“谢谢,我一点都不荣幸。还是老地方?”
“嗯哼。”
“ok。”
撂下话筒,冼耀文瞅了一眼墙上的挂钟,对王霞敏说道:“文件留到晚上再看,我去一趟金富贵控股的办公室。”
“往狮城发传真吗?”
“不需要,人在飞机上,傍晚到香港。”
冼耀文转瞬便已出现在皇后大道中,云文置业办公室下层,金富贵控股的办公室。
整一层被隔成两间办公室——特助办公室、大班办公室,特助是廖可欣,周孝赟的太太,她管着秘书室,有四位秘书,工位在特助办公桌对面。

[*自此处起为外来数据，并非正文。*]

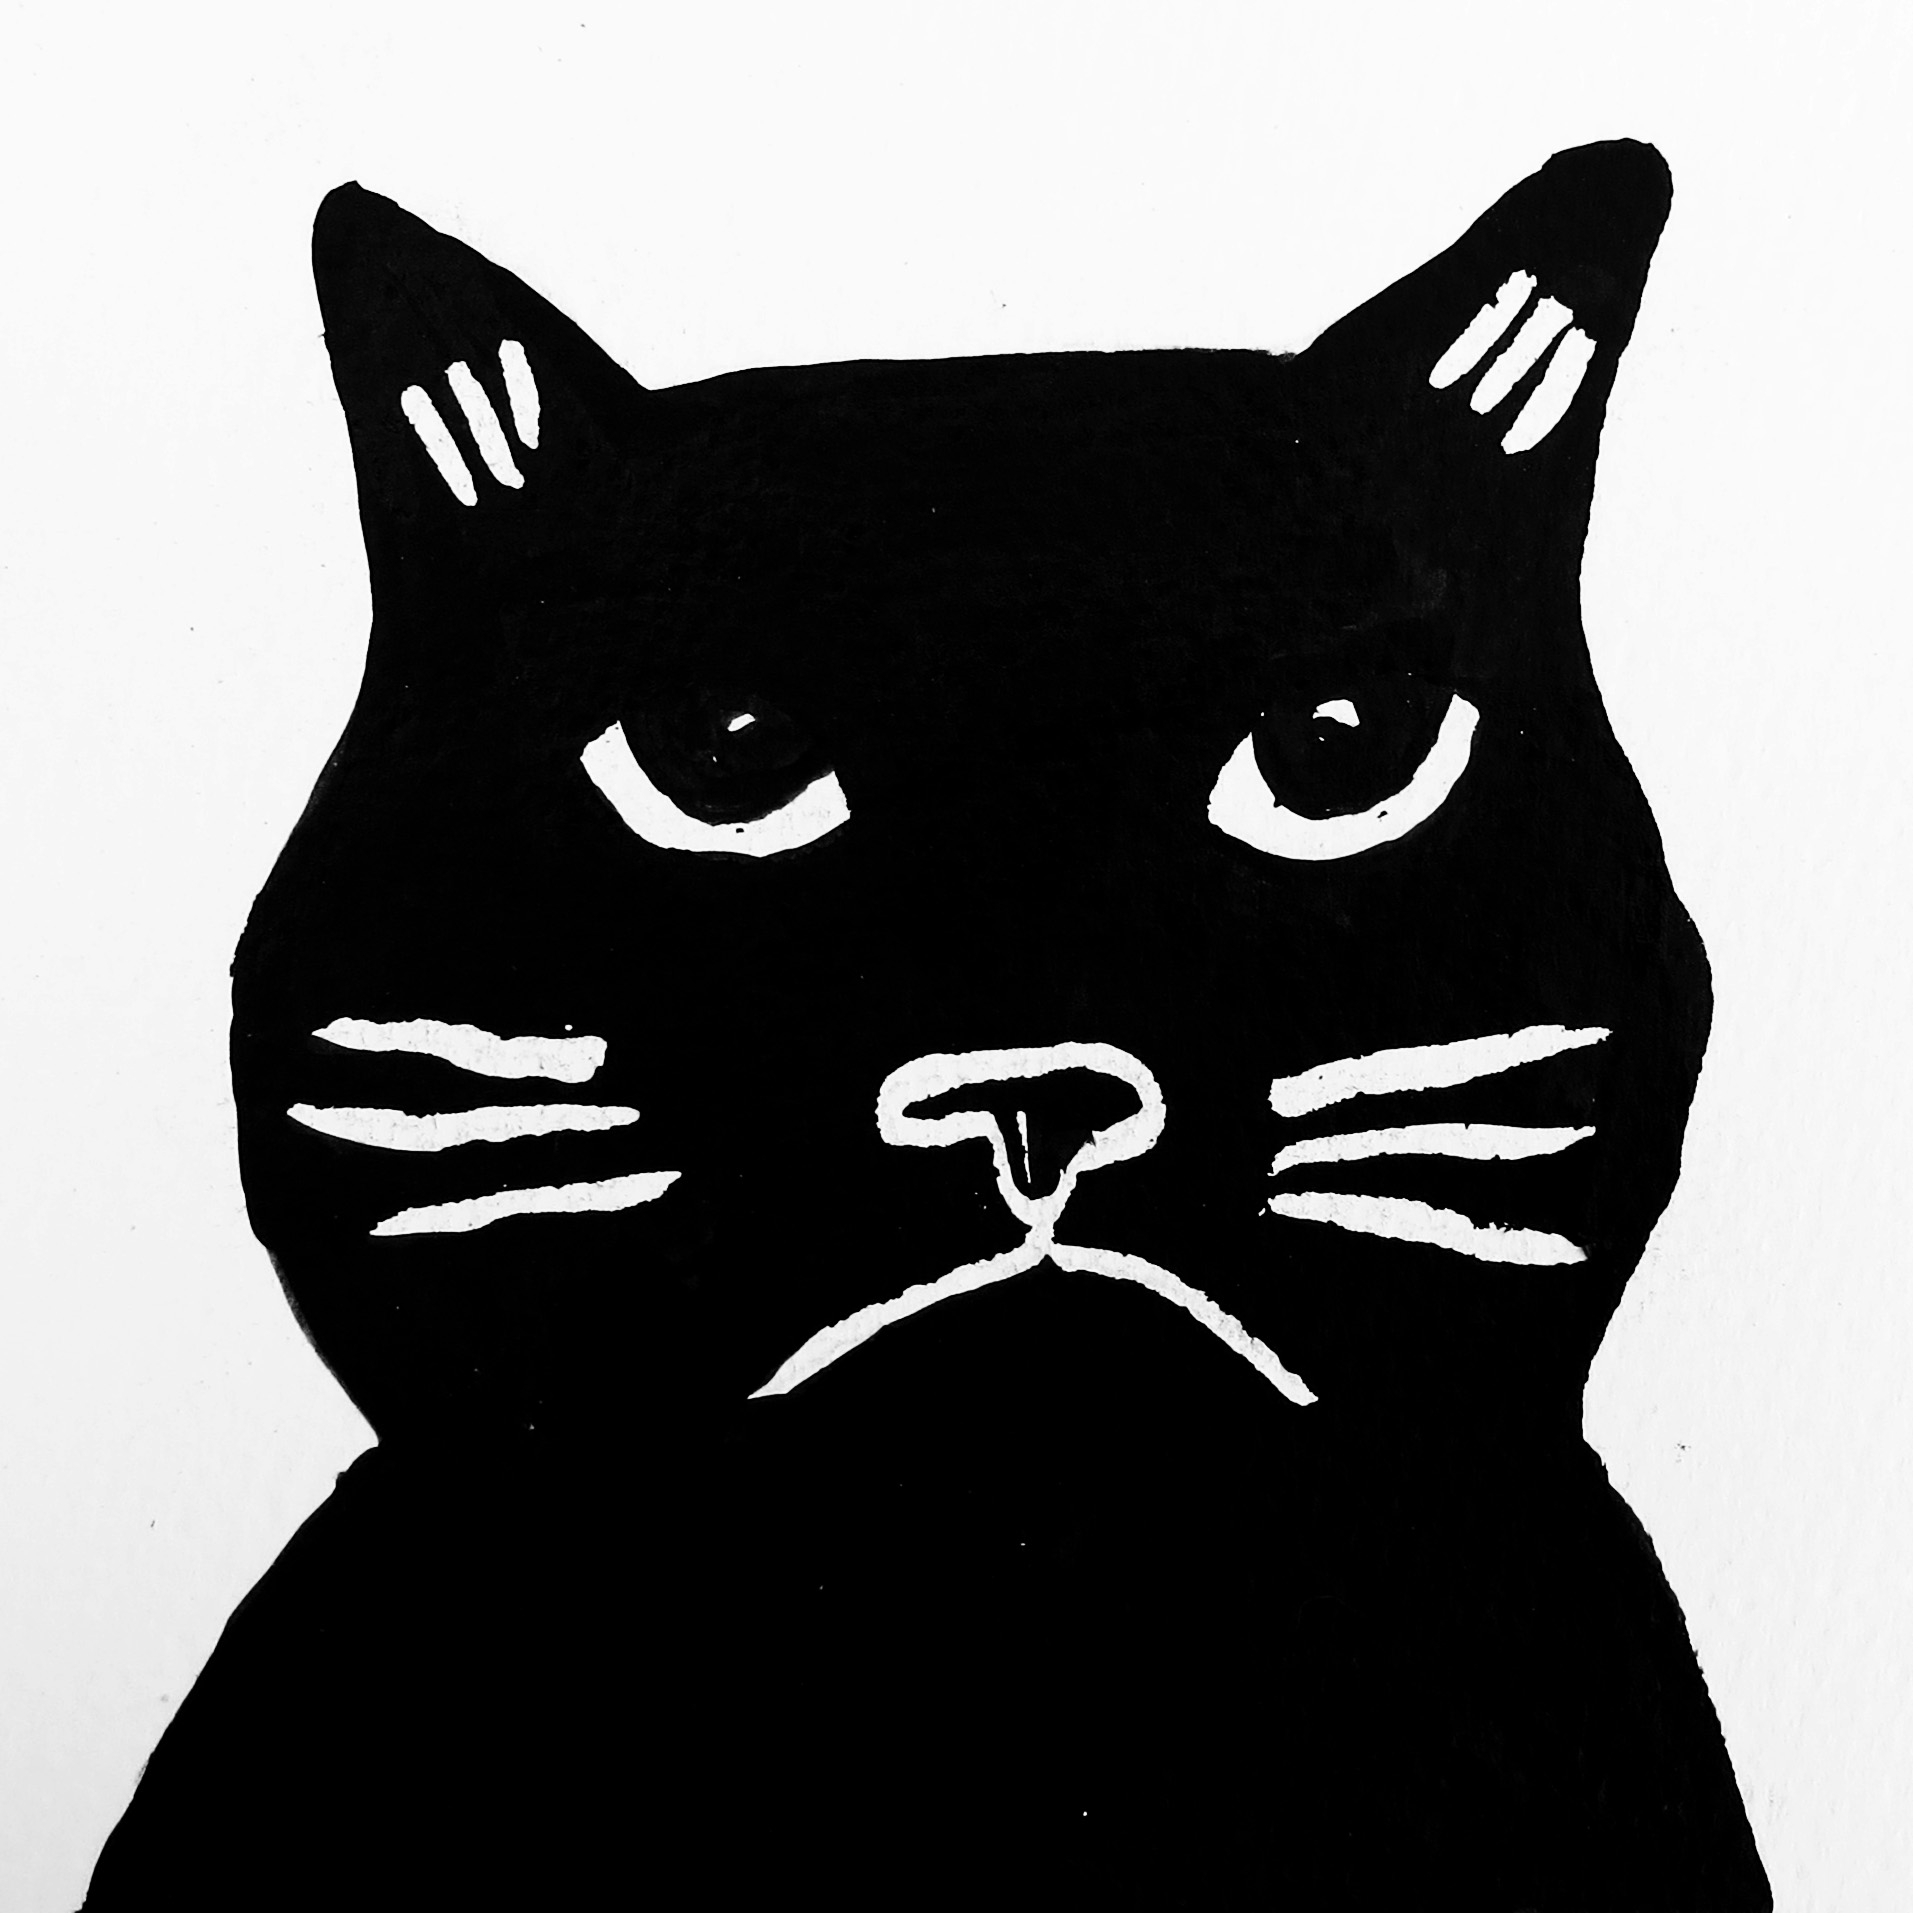 Drawn card grumpy cat #8

他刚踏上楼梯,便听见头顶传来直升机旋翼的轰鸣。脚步一顿,立刻快步退下楼梯,冲到街边仰头望去。
只见半空十几米处,一架西科斯基s-51悬停在空中,机腹下方正缓缓放下一具斯托克斯担架。
这是一场演习,为了应对周若云万一出现紧急状况、来不及走陆路的突发情况。
他站在原地静静看着,全程目睹一名假扮孕妇的人员被固定在担架上,随即直升机吊着担架,朝着西北方向稳稳飞去。

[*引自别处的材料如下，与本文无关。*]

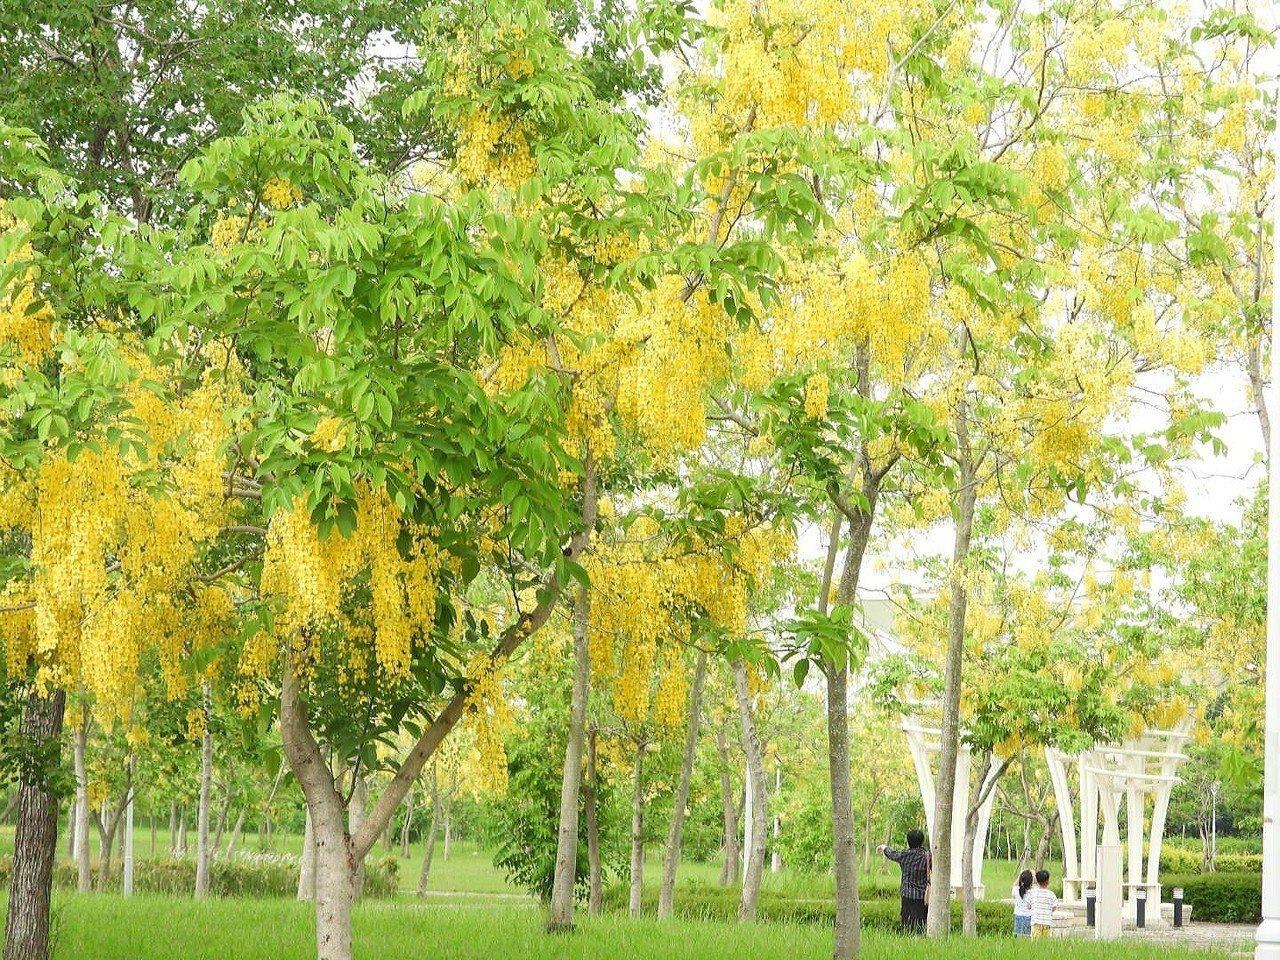 南科阿勃勒森林鮮黃花盛開,親子路過駐足觀賞。記者周宗禎/攝影

旋翼的轰鸣渐渐消散在天际,一辆救护车便呼啸着驶至近前,车门“唰”地一下弹开。几名医护人员快步冲下,步履匆匆地从他身边掠过,径直朝着楼梯口奔了进去。
三分钟后,一副担架被几人合力扛下楼,迅速抬上救护车。一名穿白大褂的医生手持对讲机,快步走到一旁,联系着在码头待命的快艇。

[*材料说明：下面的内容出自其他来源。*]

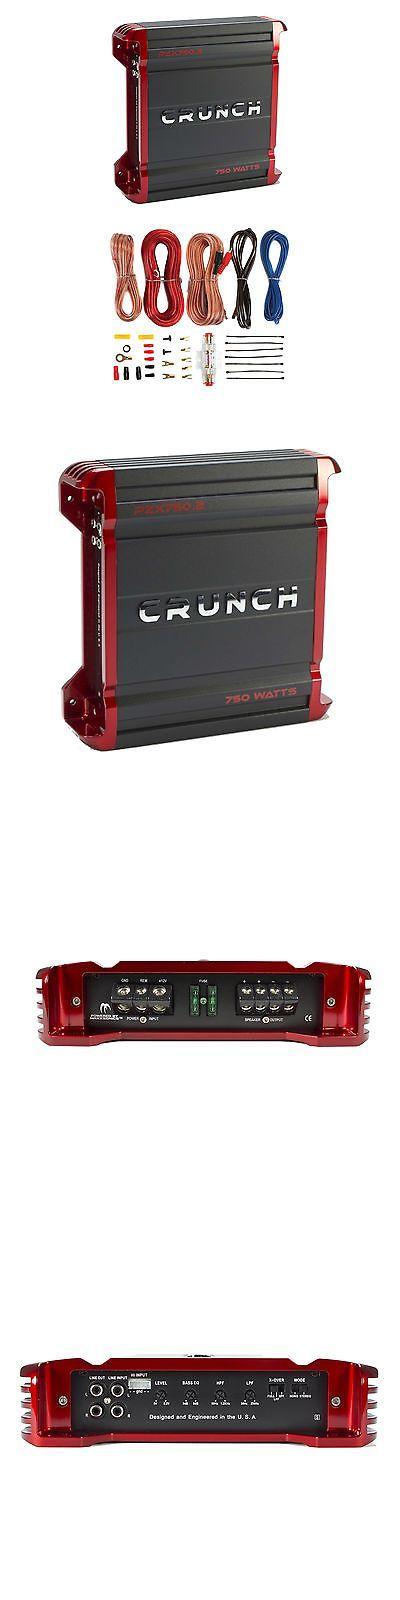 Car Amplifiers: Crunch 750 Watt 2 Channel Powerzone Class A B Car Amplifier + 8 Gauge Wiring Kit -> BUY IT NOW ONLY: $56.95 on eBay!

就在这时,两辆盖着厚重油布的卡车缓缓驶来,油布上打着一块块补丁似的小油布片,不动声色地遮住了车身上暗藏的射击孔。
天空中传来卡特琳娜水上飞机独有的低沉轰鸣,机身朝左侧迂回掠动,机腰位置的12。7毫米重机枪已然就位,炮管冷冽,随时能喷出狂暴火舌。
飞行俱乐部的停机坪上,两架p-51野马早已完成发动机预热,引擎平稳轰鸣,随时待命升空。只需不到一分钟,它们便能抵达交火区域,投入战斗。
一座楼的楼顶,架着苏联制ast炮兵观测镜。
“死鬼,死鬼,我是金莲。标尺二二五,向右零五五,旱魃,一发,fire。”
“标尺减五,向左零零五,fire。”
“所有死鬼,两发齐射,fire。”
“死鬼退场,鸡公碗上工。”
鸡公碗小组的甲乙两组人马,分别占据了两座楼顶。每人手里攥着一把笤帚,摆出一套在外人看来滑稽又认真的战术动作,架势却丝毫不含糊。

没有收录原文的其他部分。